IBM Alzheimer’s

IBM and Pfizer’s Apply Language AI to Predict Alzheimer’s Onset With 70% Accuracy

IBM and Pfizer have developed a way to use machine learning on clinical verbal tests to predict the appearance of Alzheimer’s disease years ahead of the standard symptoms. The AI analysis of language data reached an accuracy rate of 70% when matched to those who did not develop Alzheimer’s

Subtle Test

For the study, researchers analyzed 703 samples of language tests from 270 participants. Half of the participants developed Alzheimer’s symptoms before turning 85. The researchers broke down the data into 87 variables, checking spelling, punctuation and grammar, and the style and vocabulary of the sample. Using natural language processing, the AI looked for any subtle changes or aspects worth flagging. That data was then examined in the context of the participant, including their age, background, and test results on the Montreal cognitive assessment. With the permission of the participants or their families, the results of the Mini-Mental State Examination speech test from the Framingham Heart Study were incorporated to expand the total data further. The judgment of the AI was then matched to what really happened over the years to those participants. The resulting accuracy of about 70% is impressive, especially compared to the purely clinical prediction of 59% accuracy.

More than five million people in the U.S. with Alzheimer’s and the extent of the disease are expected to rise over the next several years. Testing for Alzheimer’s disease in its early stages is often difficult because the loss of memory and cognitive ability is often very subtle at first and can be ascribed to age and other factors. Catching it early can make a huge difference in treating and at least slowing its spread. This isn’t the only way AI is being applied to testing for Alzheimer’s, including analyzing brain scans tracking the telltale proteins in the brain that indicate the beginning of Alzheimer’s. The new study differs because it doesn’t look at people who are already starting to show cognitive impairment. The samples are all from before that happens. At the same time, the analysis looked at the likelihood of Alzheimer’s among the general public, encompassing people without a family history of the disease, and those more likely to be diagnosed with Alzheimer’s.

“Ultimately, we hope this research will take root and aid in the future development of a simple, straightforward and easily accessible tool to help clinicians assess a patient’s risk of Alzheimer’s disease through the analysis of speech and language, and in conjunction with a number of other facets of an individual’s health and biometrics,” IBM Principal Research Staff Member Guillermo Cecchi explained in a blog post. “Having such a tool at their disposal could help doctors determine the need for more complex and demanding psychiatric assessments, testing and monitoring. Typically only given once the development of Alzheimer’s disease is suspected, current tests may not always be in easy reach of a large population. Being able to identify higher risk patients could also open up the door to more successful clinical trials, as those deemed at a high likelihood of developing the disease could enter trials for preventative therapies.”

Vocal Health

Applying voice data to diagnosing an illness is becoming more popular as AI, and audio technology improves. The trend accelerated this year due to the COVID-19 health crisis. The combination of reduced in-person clinical meetings and how the virus affects people’s lungs, and thus their voices, have brought speech tech into play. For instance, the COVID Voice Detector project is an international coalition of researchers and businesses working to create a vocal test for COVID-19 with artificial intelligence and machine learning. With data from government agencies and supplied by volunteers through Brazilian biometrics startup Unike Technologies, the test is evolving. Similarly, Vocalis Health has been collecting voice samples for its own work, making a vocal diagnostic test for COVID-19 infection. The data is also part of a government project to track people recovering from the virus at home, both for data-gathering and spot when they may need medical intervention. Meanwhile, Indian startup Salcit Technologies came out with kAs, Sanskrit for cough, a mobile app which also analyzes coughing sounds for potential COVID-19 infection.

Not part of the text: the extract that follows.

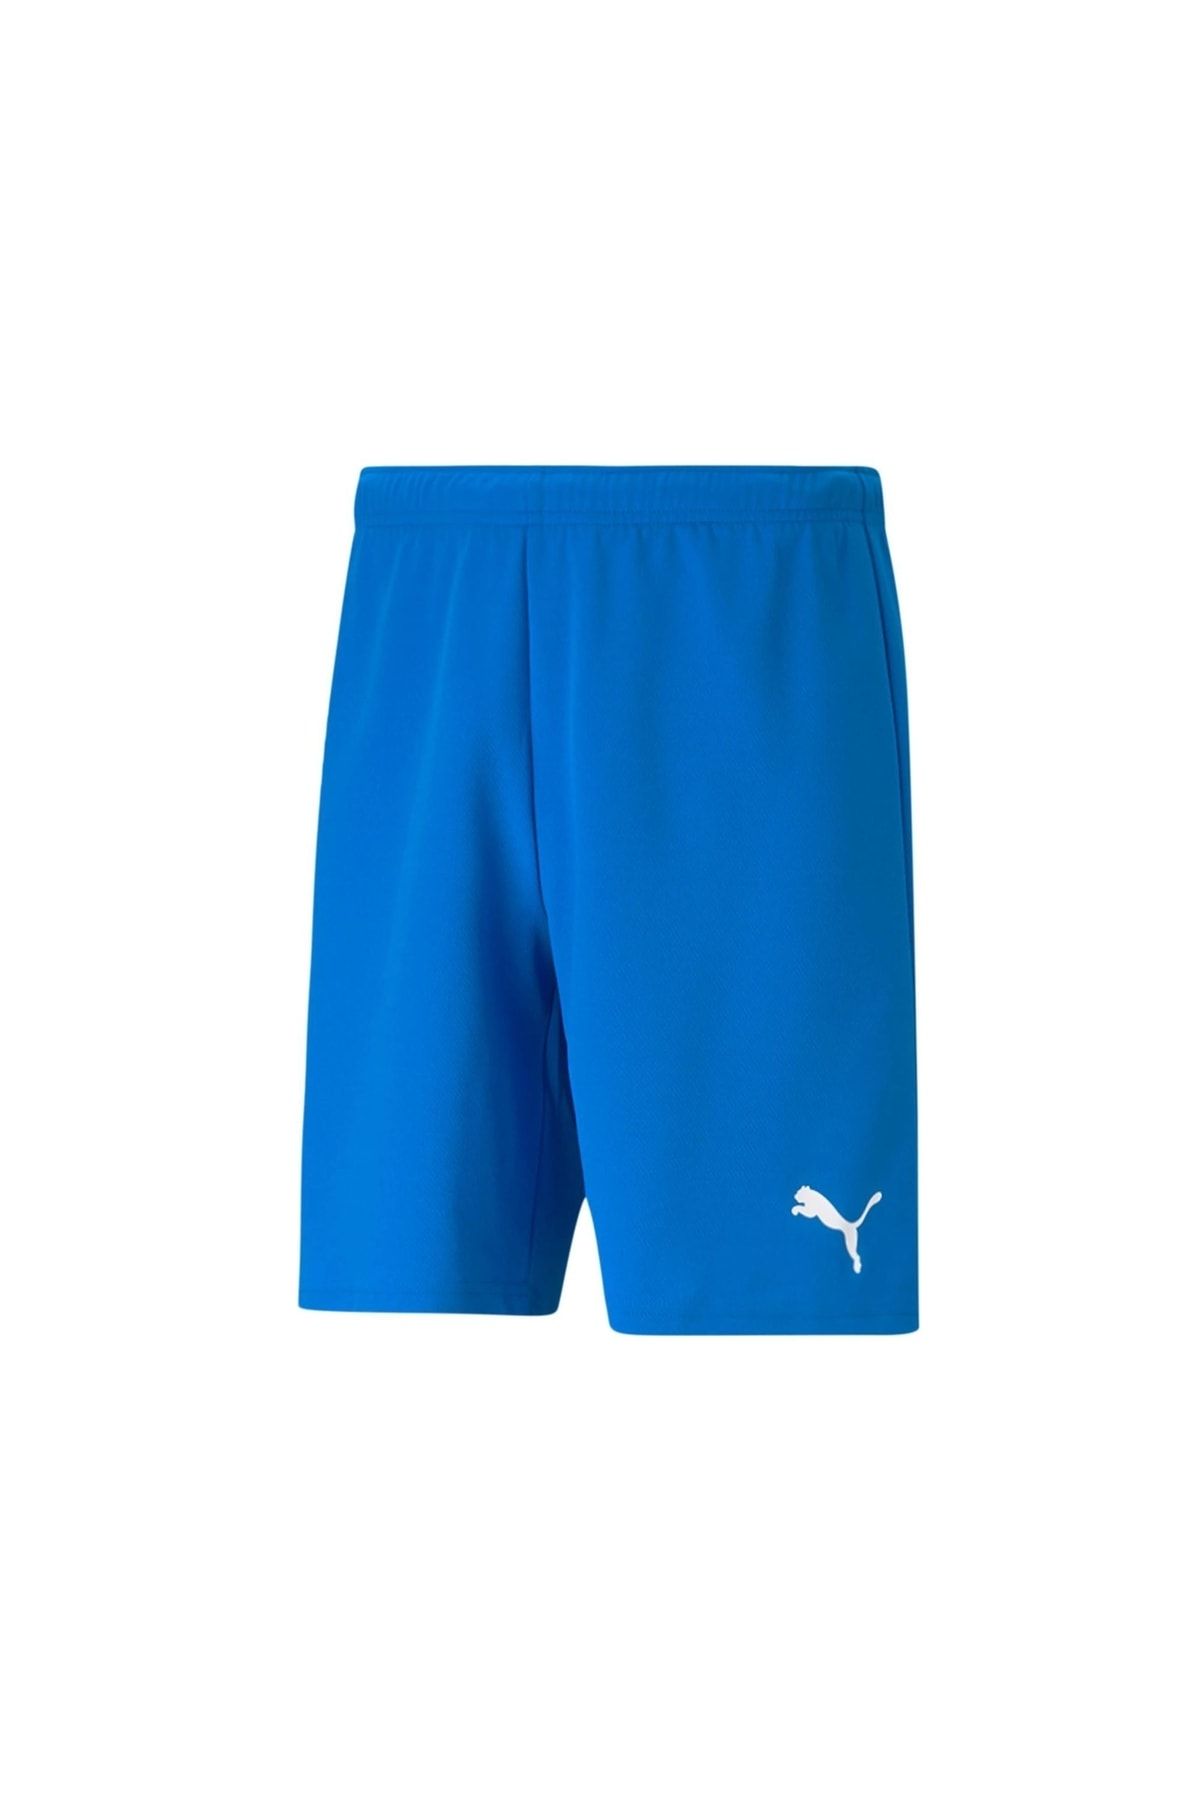 Puma Sports Shorts - Blue - Trendyol

If these projects achieve their goals in building a map of vocal biomarkers for determining if someone is infected, it could be a huge boon during the health crisis. In the long-term, though, it helps prove the value of using AI analysis of voices for medical diagnoses, even before more obvious symptoms arise. Whether for infectious diseases like COVID-19 or degenerative genetic diseases like Alzheimer’s, anything that can provide clues and better care should be pursued.